How to Handle Missing Values Systematically In A Dataset

A Comprehensive Flowchart Guide

Richard Warepam
ILLUMINATION
7 min readMar 17, 2024

--

Data, like a story, unfolds its tale, when missing values, we systematically unveil.

Handling missing values might seem like a minor part of your data preparation process, but it’s actually a critical step that can significantly impact your model’s performance or your analysis.

As a beginner in data science, I didn’t pay much attention to this task. Like many of us, I was somewhat oblivious.

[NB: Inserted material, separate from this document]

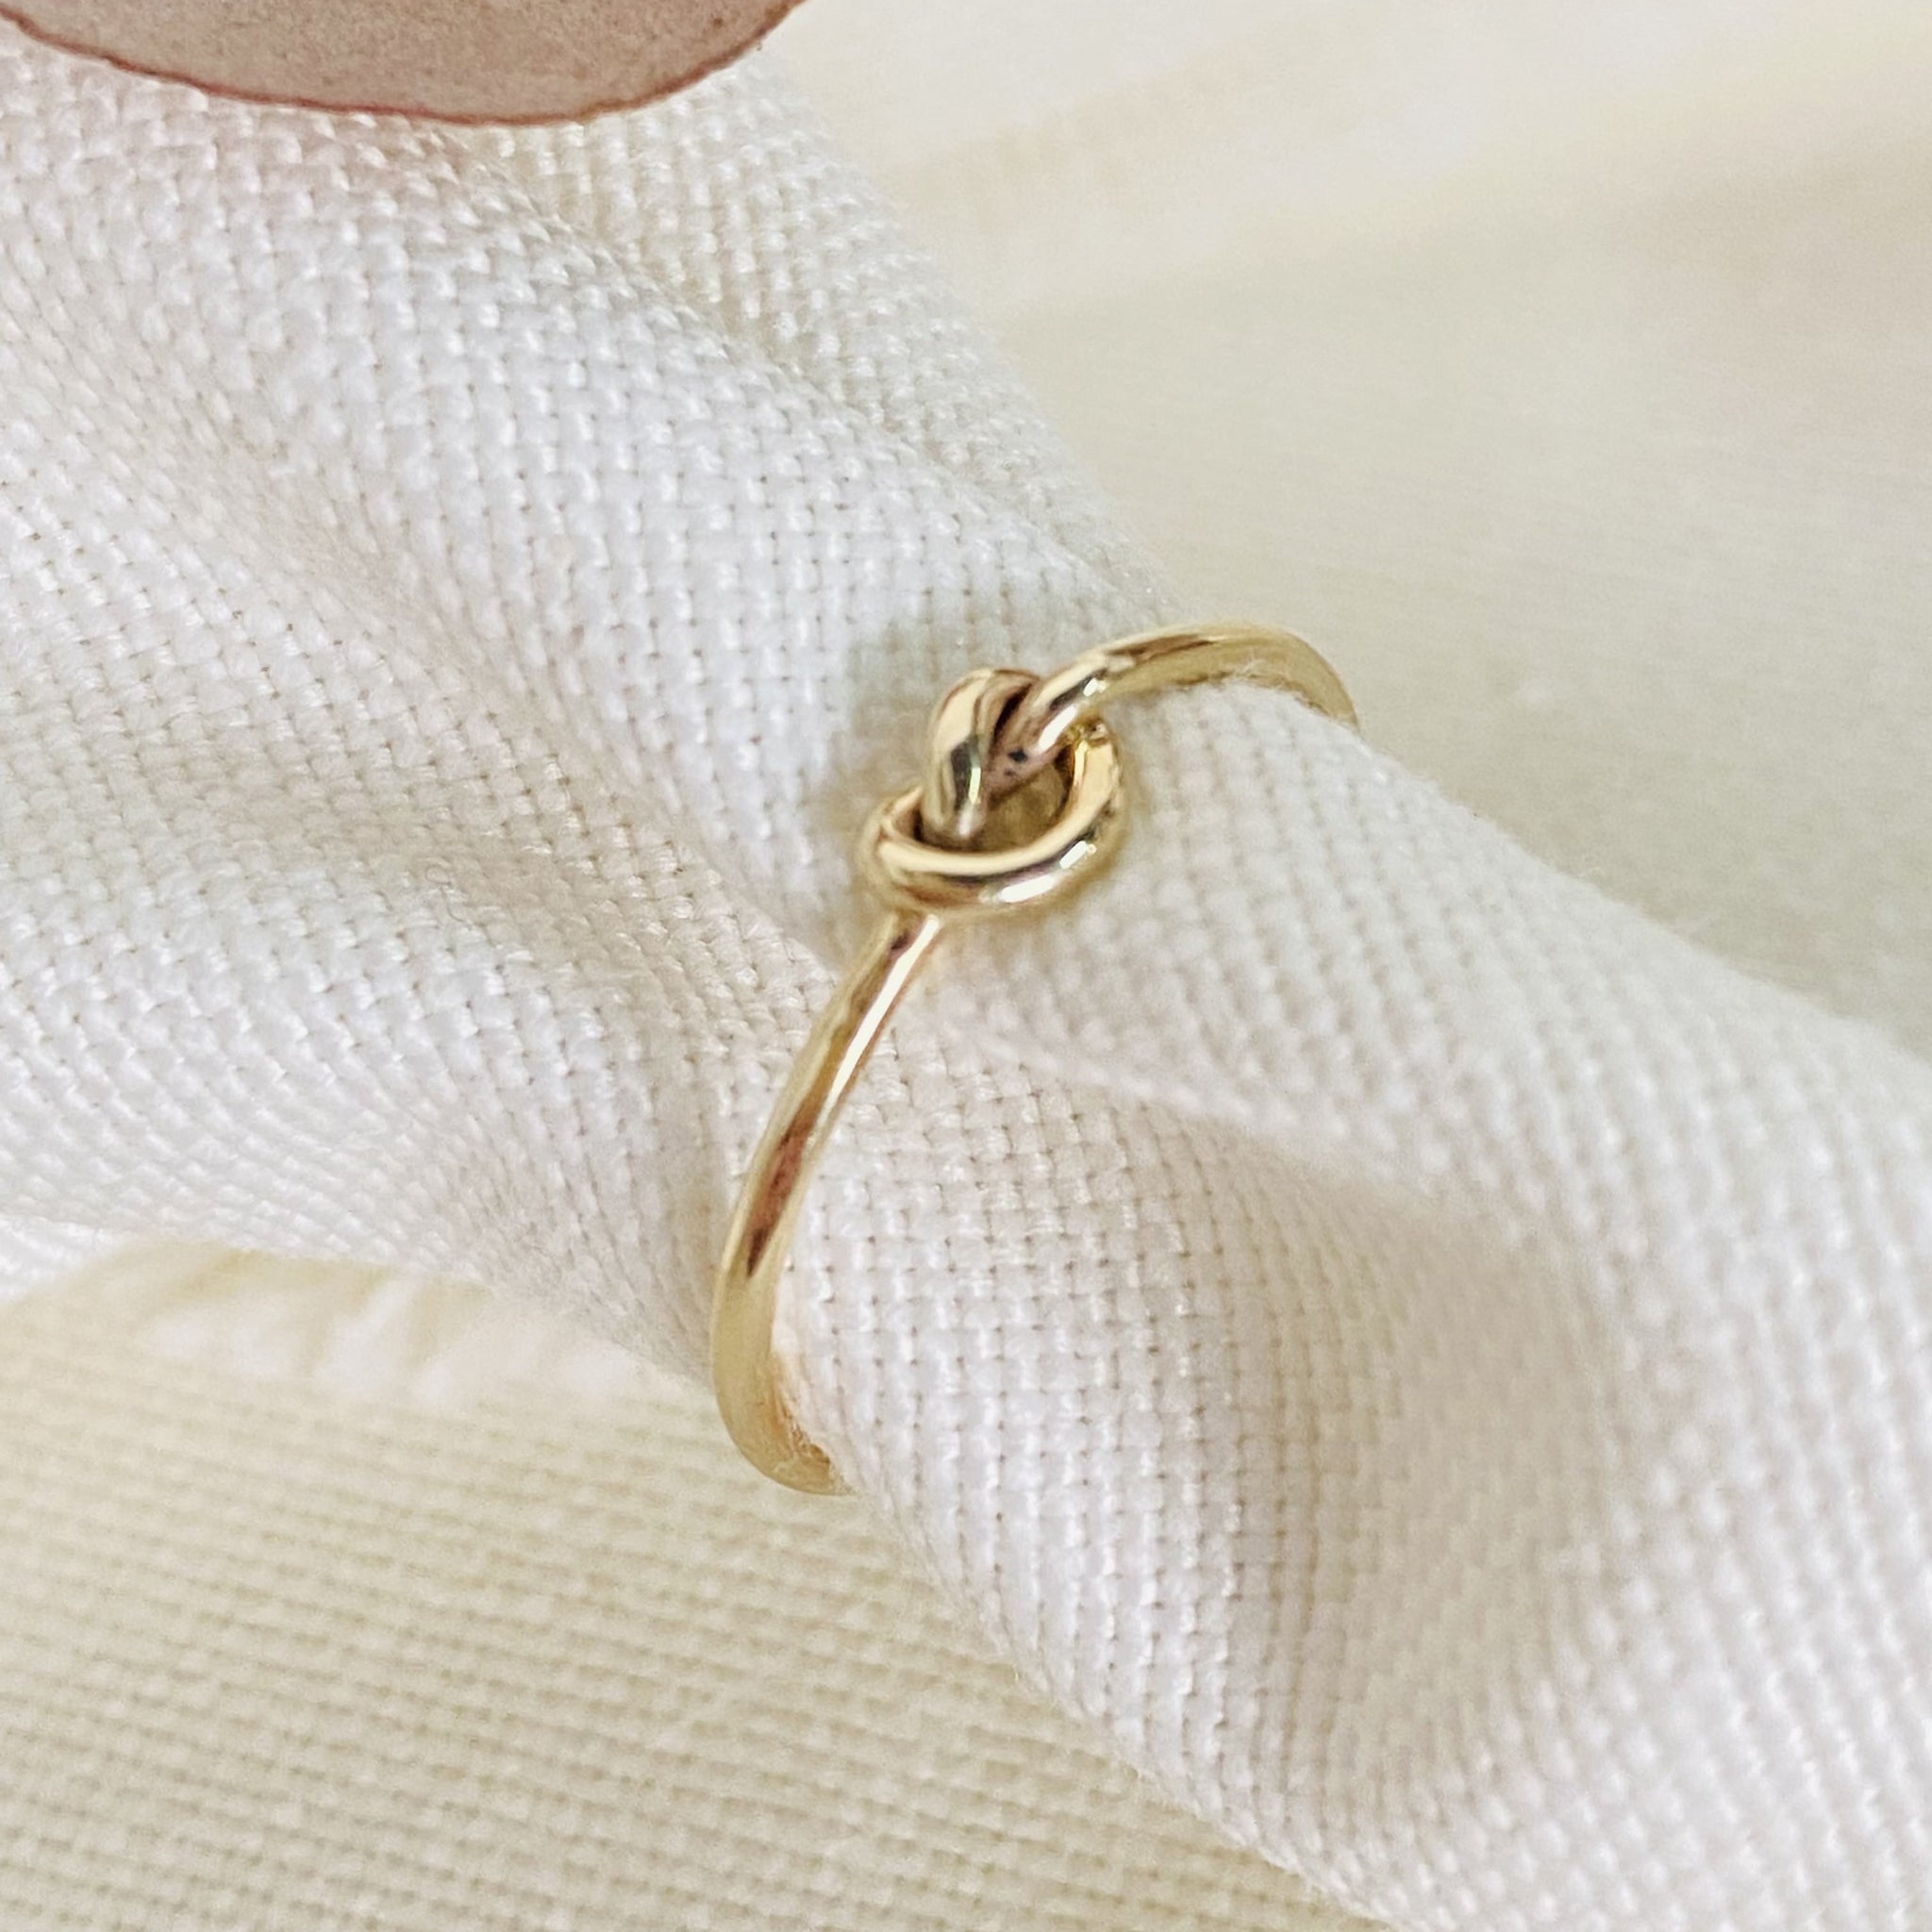 Antique 18ct Gold Knot Ring - Vintage Jewellery & Watches Online
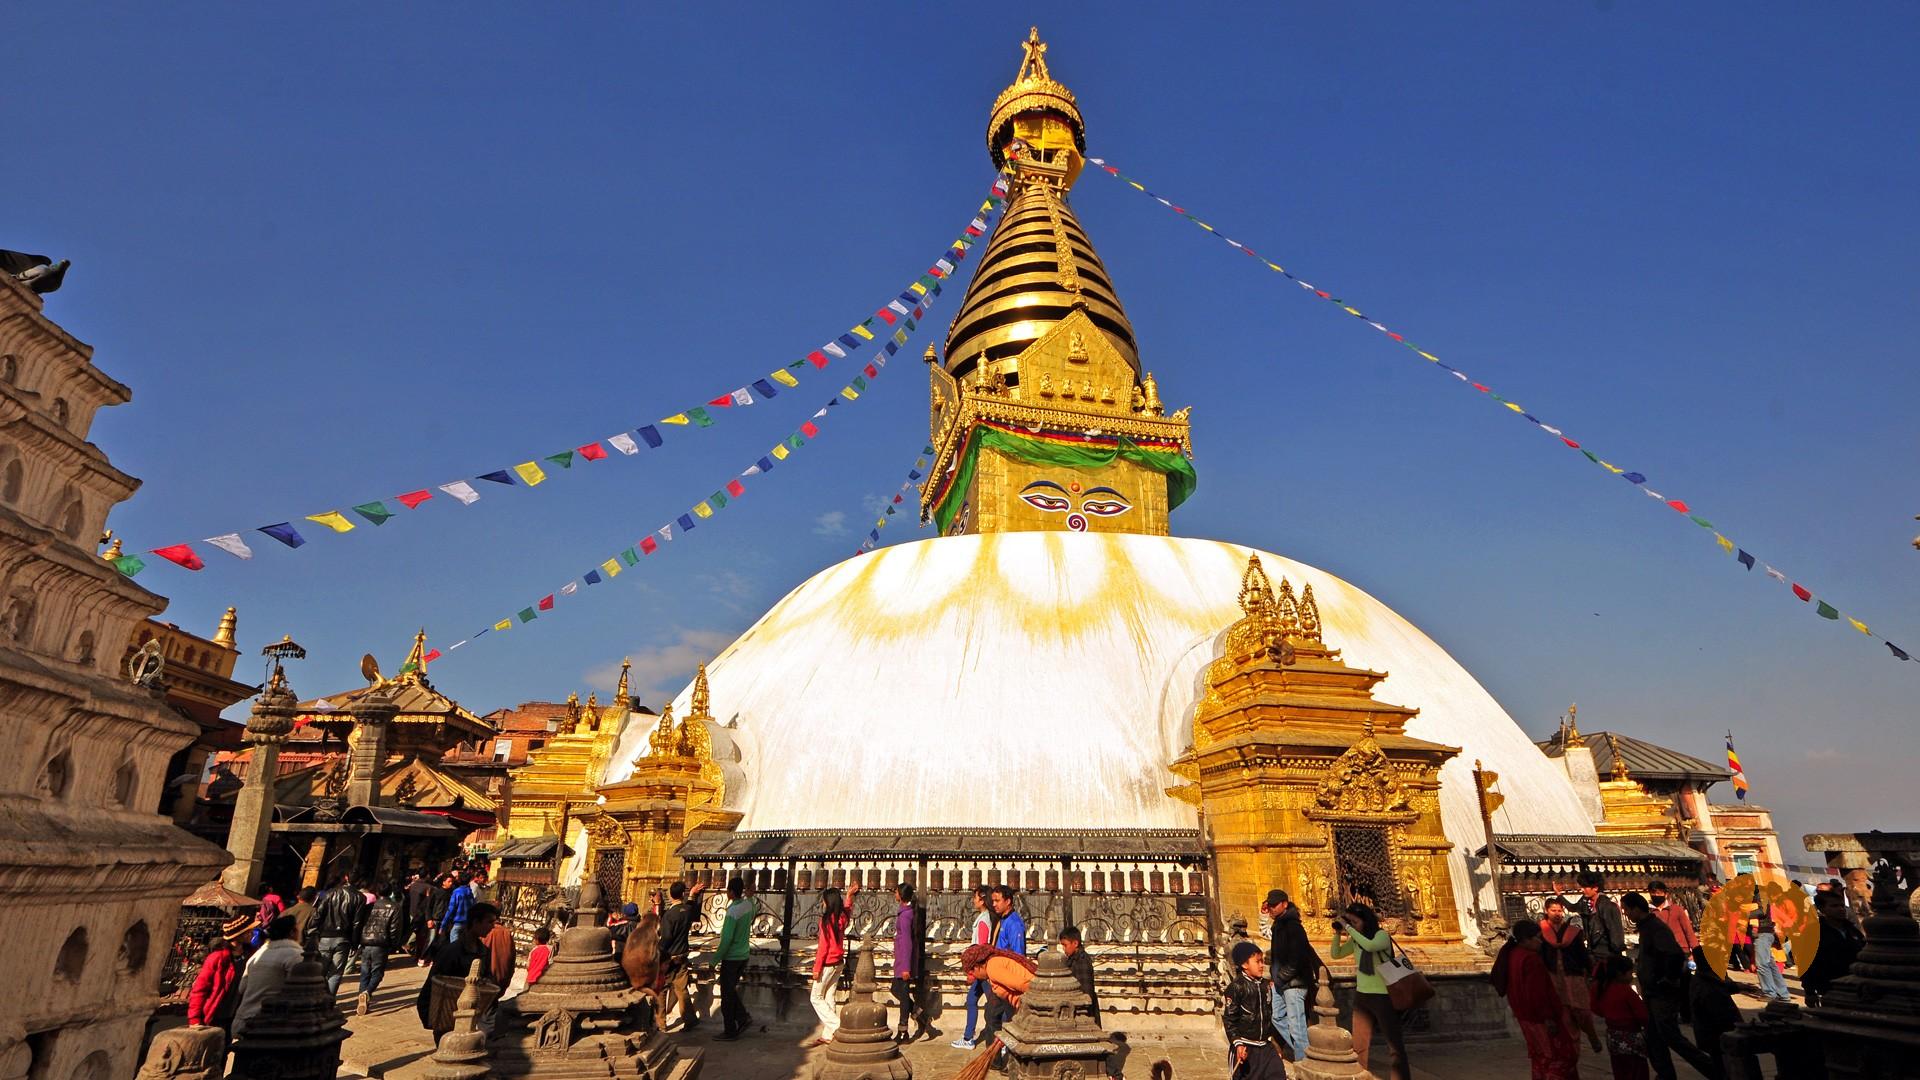 NEPAL TOUR PACKAGES FROM KATHMANDU

I used to apply certain functions that we’re typically taught in most courses, whether it’s in Python, SQL, or any other language, without fully understanding them.

Unfortunately, no one ever taught us a “systematic” approach to handling these missing values.

Image by Author

It might appear straightforward, but gaining a deeper understanding of this process can enhance your thought clarity and even boost your confidence in your work.

So, are you ready to dive in?

Are there missing values in our dataset?

Image by Author

Firstly, once we’ve loaded our dataset, it’s essential to check for missing values. This can be done using Python, SQL, or any other language you typically use for your data science projects.

If you’re interested in learning more about this, I recommend checking out these articles of mine:

After performing this check, you’ll find one of two outcomes: either yes, there are missing values, or no, the dataset is free from missing values.

If the answer is: No.

Then, without hesitation, if there are no missing values, we can move forward with other pre-processing tasks such as data integration, data transformation, or data selection.

In this manner, the data is pre-processed and ready for any task, whether it’s building models or analyzing the data.

Now comes the main point of the article; the answer is: Yes.

Pay close attention. The moment you discover missing values in your dataset, determine the nature of the missing data.

There are three types of missing data:

  1. NMAR — Not Missing at Random
  2. MCAR — Missing Completely at Random
  3. MAR — Missing at Random

If you’re familiar with these, you might also know how to handle them. Each type of missing data has its own method of handling it.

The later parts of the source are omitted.